@mohanty - Have you been able to update v2.2? I resubmitted my agent but got errors:
@joe_booth - assuming you’ve updated to the latest binary, and also the latest version of obstacle-tower-env, there may be an issue on our end with the build. I will look into it. Just as a test, can you try running the evaluation locally?
@arthurj: confirming that not a single evaluation has passed after the update to the binary. The evaluations timeout in all the cases with the good old :
2019-06-11T04:51:23.840977159Z Traceback (most recent call last): 2019-06-11T04:51:23.841019586Z File "run.py", line 122, in <module> 2019-06-11T04:51:23.841025795Z env = ObstacleTowerEnv(args.environment_filename, docker_training=args.docker_training, retro=False) 2019-06-11T04:51:23.841030215Z File "/srv/conda/lib/python3.6/site-packages/obstacle_tower_env.py", line 45, in __init__ 2019-06-11T04:51:23.841034598Z timeout_wait=timeout_wait) 2019-06-11T04:51:23.841038452Z File "/srv/conda/lib/python3.6/site-packages/mlagents_envs/environment.py", line 69, in __init__ 2019-06-11T04:51:23.841042766Z aca_params = self.send_academy_parameters(rl_init_parameters_in) 2019-06-11T04:51:23.841046878Z File "/srv/conda/lib/python3.6/site-packages/mlagents_envs/environment.py", line 491, in send_academy_parameters 2019-06-11T04:51:23.841051249Z return self.communicator.initialize(inputs).rl_initialization_output 2019-06-11T04:51:23.841054996Z File "/srv/conda/lib/python3.6/site-packages/mlagents_envs/rpc_communicator.py", line 80, in initialize 2019-06-11T04:51:23.841059079Z "The Unity environment took too long to respond. Make sure that :\n" 2019-06-11T04:51:23.841063163Z mlagents_envs.exception.UnityTimeOutException: The Unity environment took too long to respond. Make sure that :
I tried again - this time i get ‘Unable to orchestrate submission, please contact Administrators.’
@joe_booth: Thats a temporary glitch with the compute cluster. Being fixed as we speak. The issue with the v2.2 binary still persists though : Causing timeout exceptions.
Update: The evaluation has been re-enqueued and is being evaluated right now.
Update: We found a bug in the binary, and I have just pushed a fix. Evaluations seem to be working now.
@mohanty - it failed - it looks like it gets stuck when recording the video and then times out
Same issue here, stuck on generating video. Maybe that feature should simply be removed until it can be implemented reliably.
Agree !! Removing the video generation part right now, until we fix the bug properly. Will post an update here after some tests withing the next hour.

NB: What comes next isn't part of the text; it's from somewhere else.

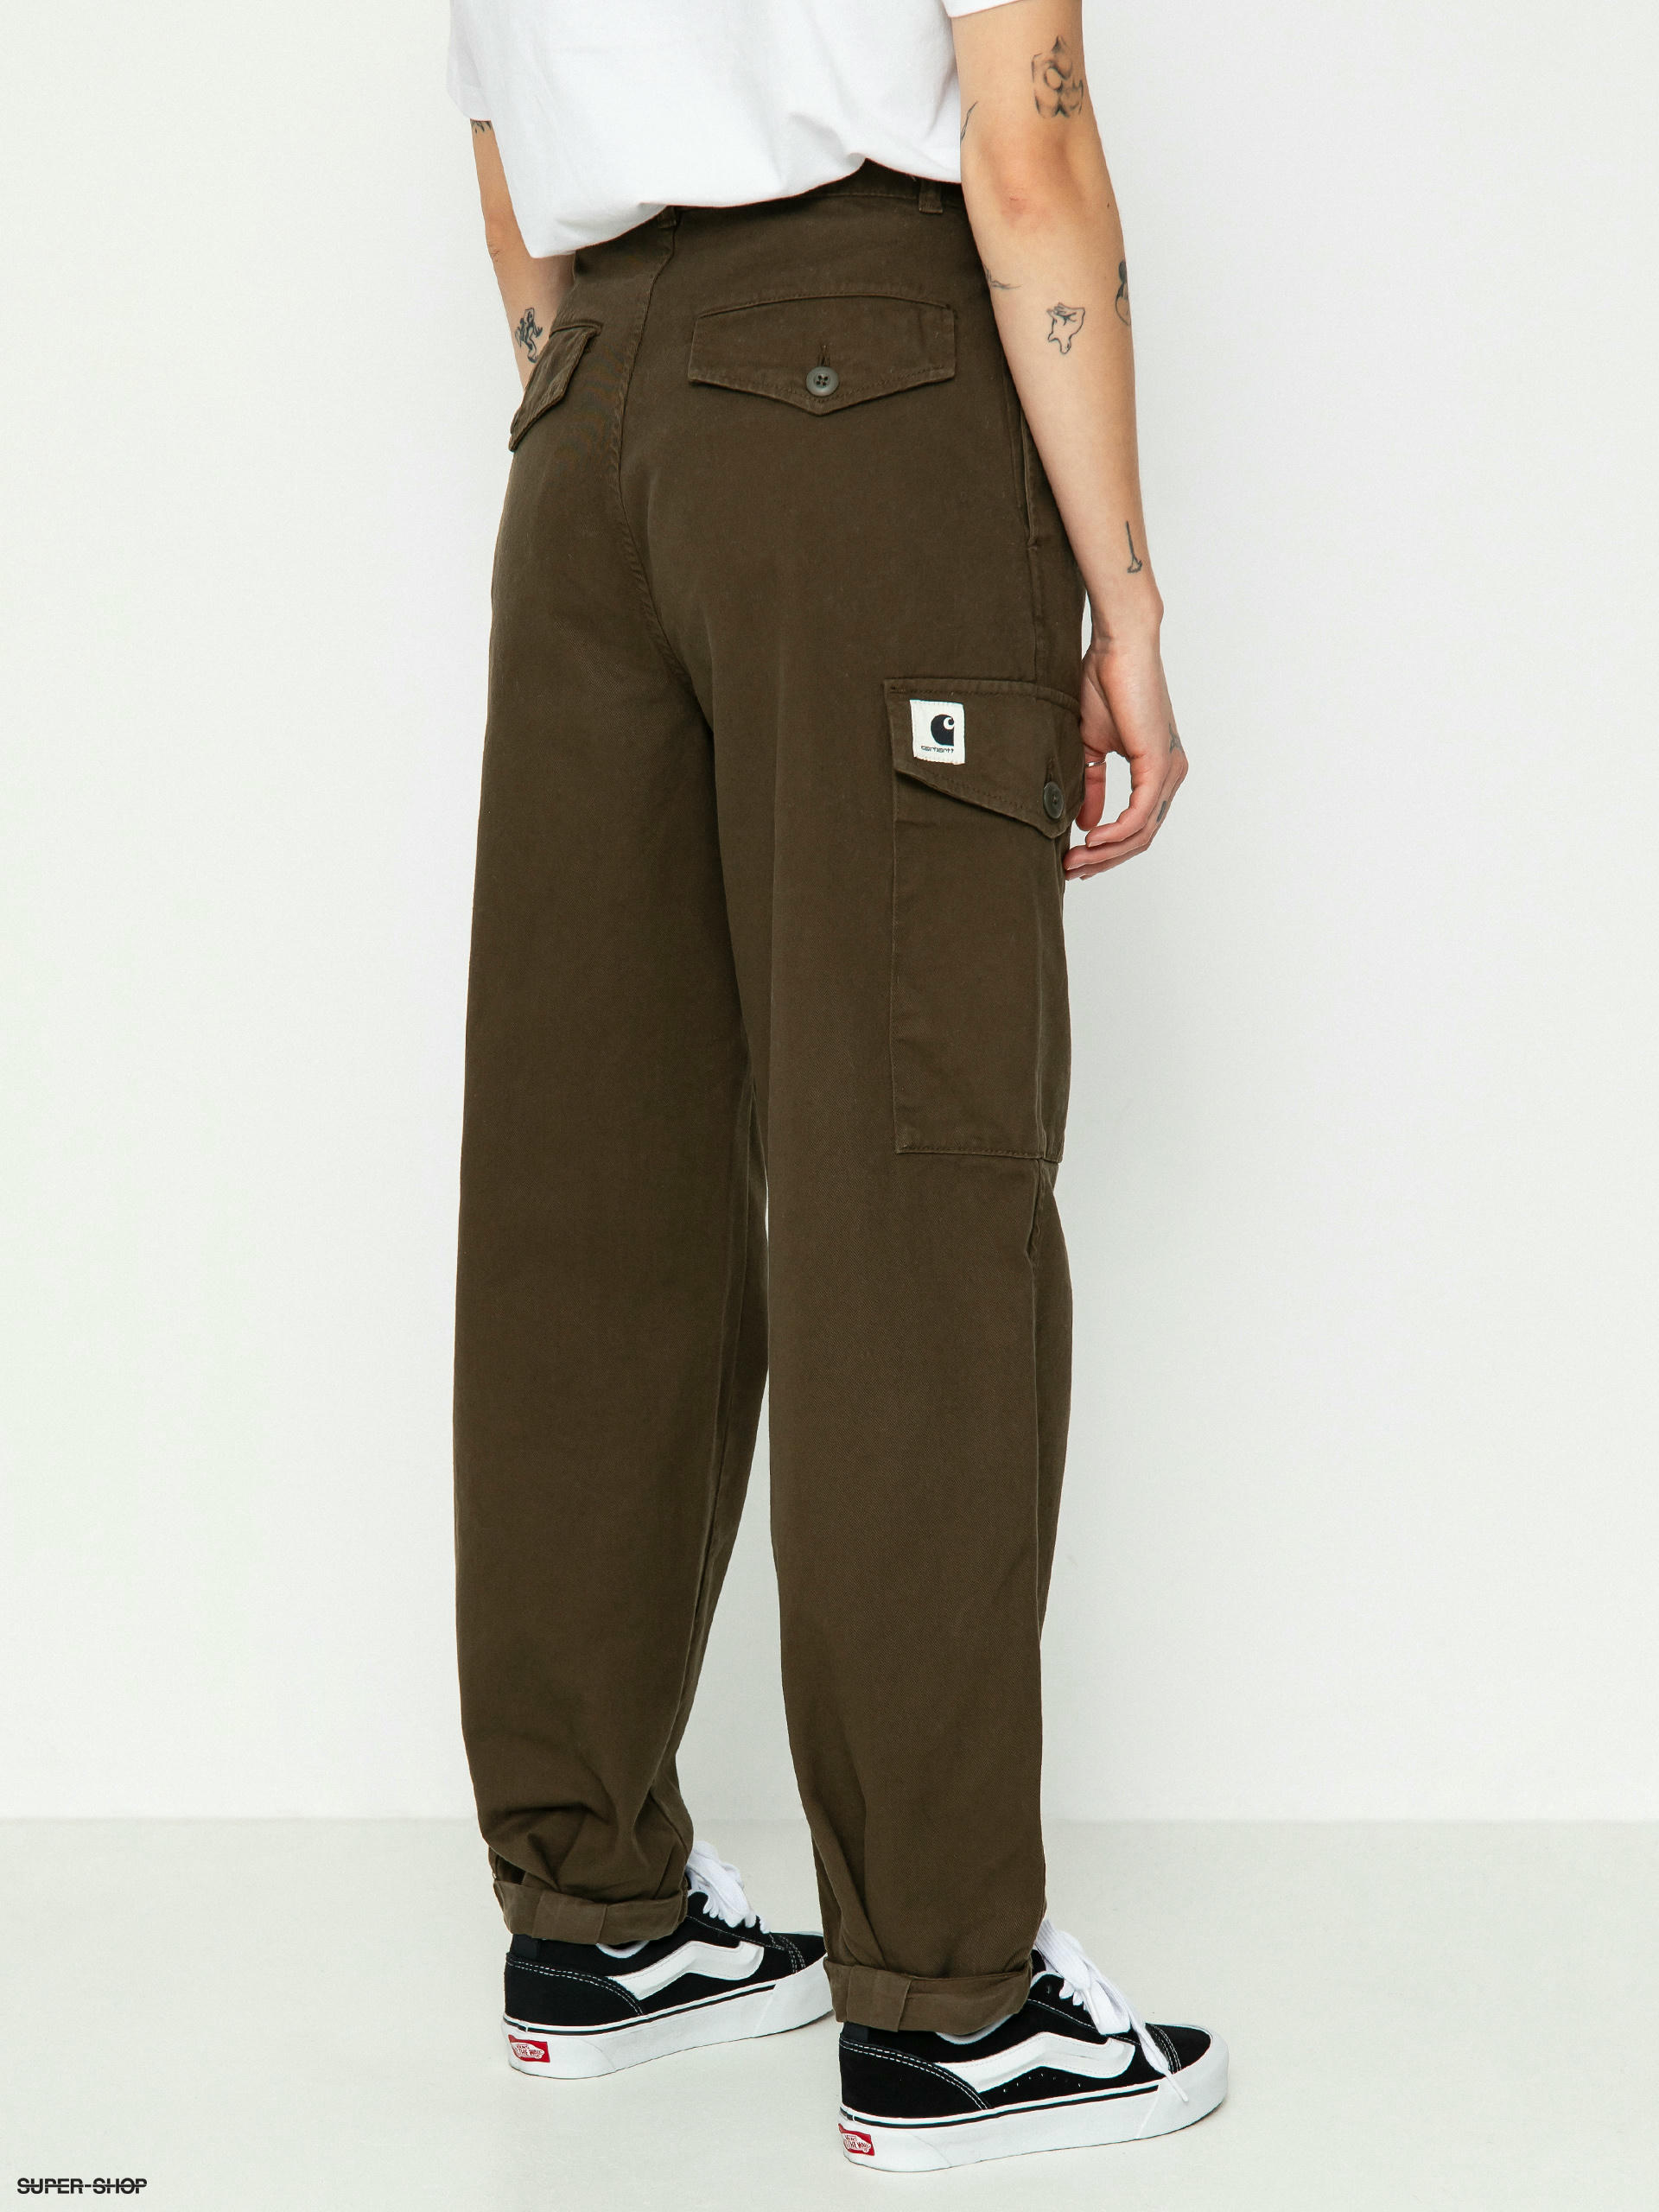 Carhartt Wip Wmns Collins Pant Brown - Womens - Casual Pants

Update: I have a hacky fix (until I get a neater one from @harperj), which might solve the problem by limiting the video sizes. Should again report back within the next hour.
It looks like the video worked and it updated the leaderboard but then it started scoring again.
oh strange - it recorded an average floor of 6, then removed it when it restarted training
I am worrking on it right now. The production cluster has some weird quirks it seems. So I have to debug with your submission on the production cluster.
Will post an update here as soon as I have something. Working on it right now.
Took a bit longer than the initially predicted 1hour.
But looks like evaluations are working again now with the new
v2.2. binary, and the video generation is also working.
(Classic case, when you introduce a new bug to deal with an old bug, to end up creating a feature )
Looks good! It would be great to have the videos fixed so we can see @unixpickle 's agent through level 16!!
What’s the logic behind the videos? Is only the weakest episode recorded?